Realistically, Amazon doesn't go down very often, and for most people this is more of an annoyance than anything. I don't see Amazon customers losing trust in Amazon as a result of his incident. As Jesse Robbins put it:

They key here is that now Amazon has a lot less room for error. One more major downtime like this, especially within the year, will begin to eat away at the trust that customers have built for the service. To be proactive in avoiding that problem, and to give themselves more room for error, I would strongly advise Amazon to do the following:
  1. Put some sort of communication out within 24 hours acknowledging the issues.
  2. Put out a detailed postmortem, explaining what happened, and what they are doing to improve for the future.
  3. Improve your process around updating the public about amazon.com downtime. The Twitter account is a good start, and it's very promising that you put out a communication to the public. The problem is that the places your users looked for updates they saw nothing, and the forum you posted to very few users would ever think to check. I would launch a new public health dashboard focused on overall Amazon.com health (and make sure to host this outside of your infrastructure!), which would include the AWS health as a subset (or a simply link), along with other increasingly important elements of your company: Kindle download health, shipping health, etc.

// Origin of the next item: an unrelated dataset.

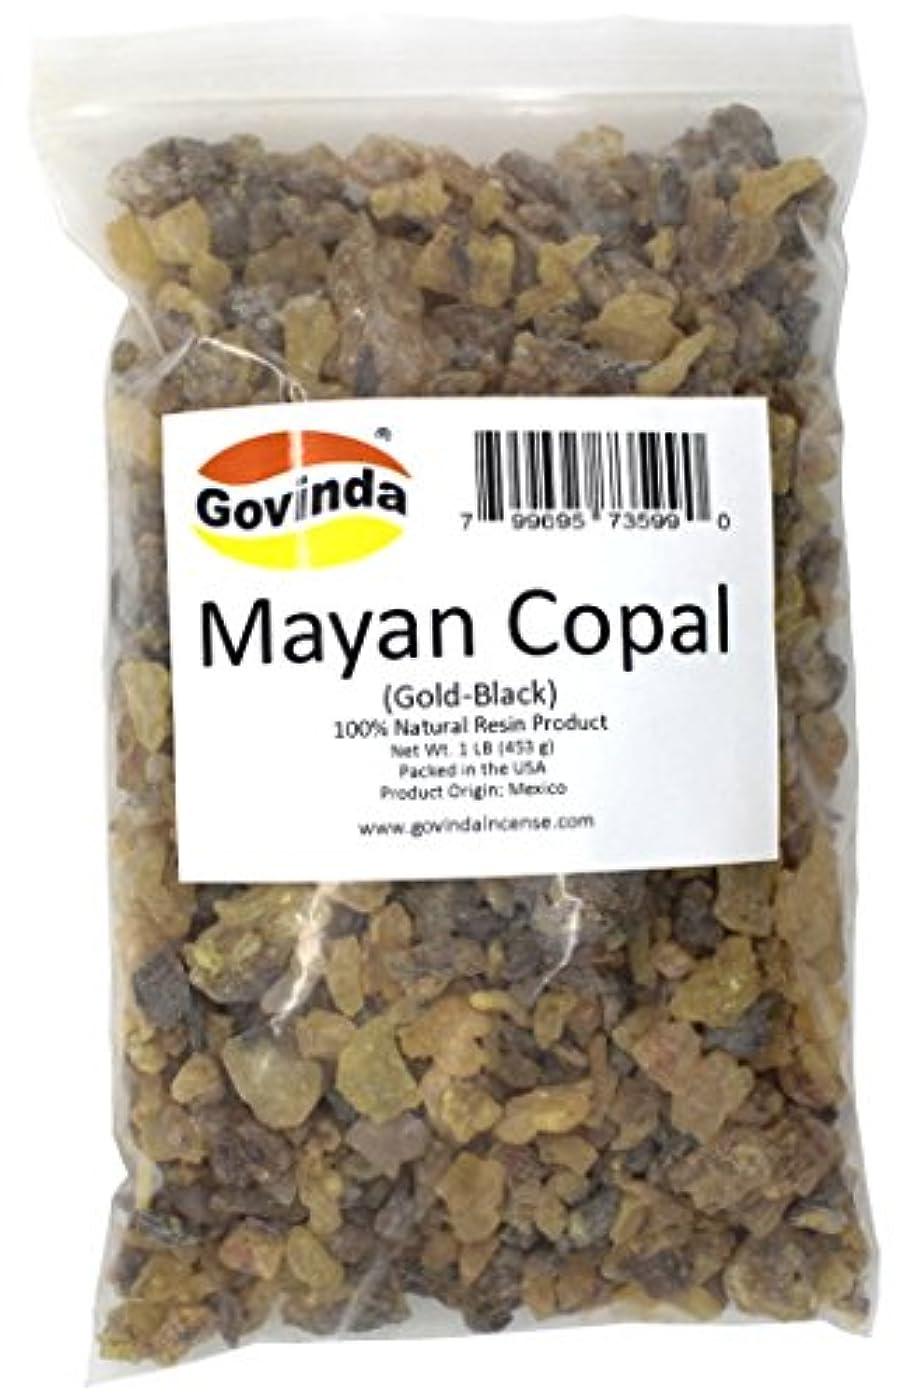 スコットランド人見出しボーカルGovinda – マヤCopal ( gold-black ) Incense樹脂1 lb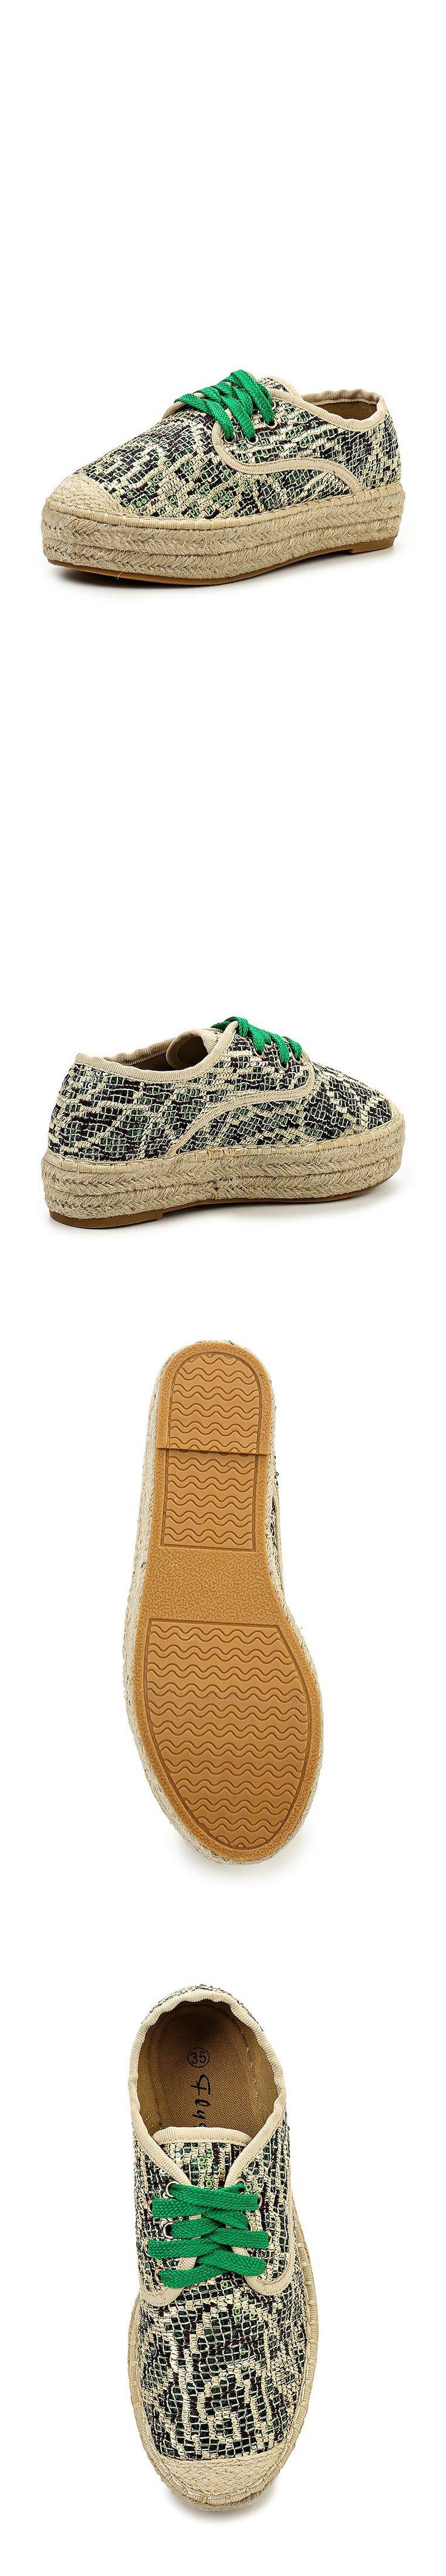 Женская обувь ботинки Flyfor за 1740.00 руб.

  4. Implement the improvements discussed in the postmortem.

Other takeaways
  1. I'm feeling that transparency in the B2C world is rarely as critical as in B2B relationships. There are certainly cases where consumers are just as inconvenienced and frustrated when their services are down, but in terms of impact and revenue loss, the bar has to be much higher for B2B businesses. I also believe that consumers are much more forgiving of downtime, and won't require as much from a company when they go down. This will change however as consumers become more dependent on the cloud for their everyday lives.
  2. Amazon set the bar high for their AWS transparency. Users of those services automatically checked the existing communication channels, which is what you would want. Unfortunately Amazon did not set up a process to connect those two parts of the company.
  3. This also exposed the problem with having different processes and tools for different parts of your organization. Ideally there would be a central place for status across the entire amazon.com property. It's understandable that AWS is doing things a bit differently, but the consequence as we saw was that users waste time looking at the wrong place. This is something Rackspace has trouble with as well.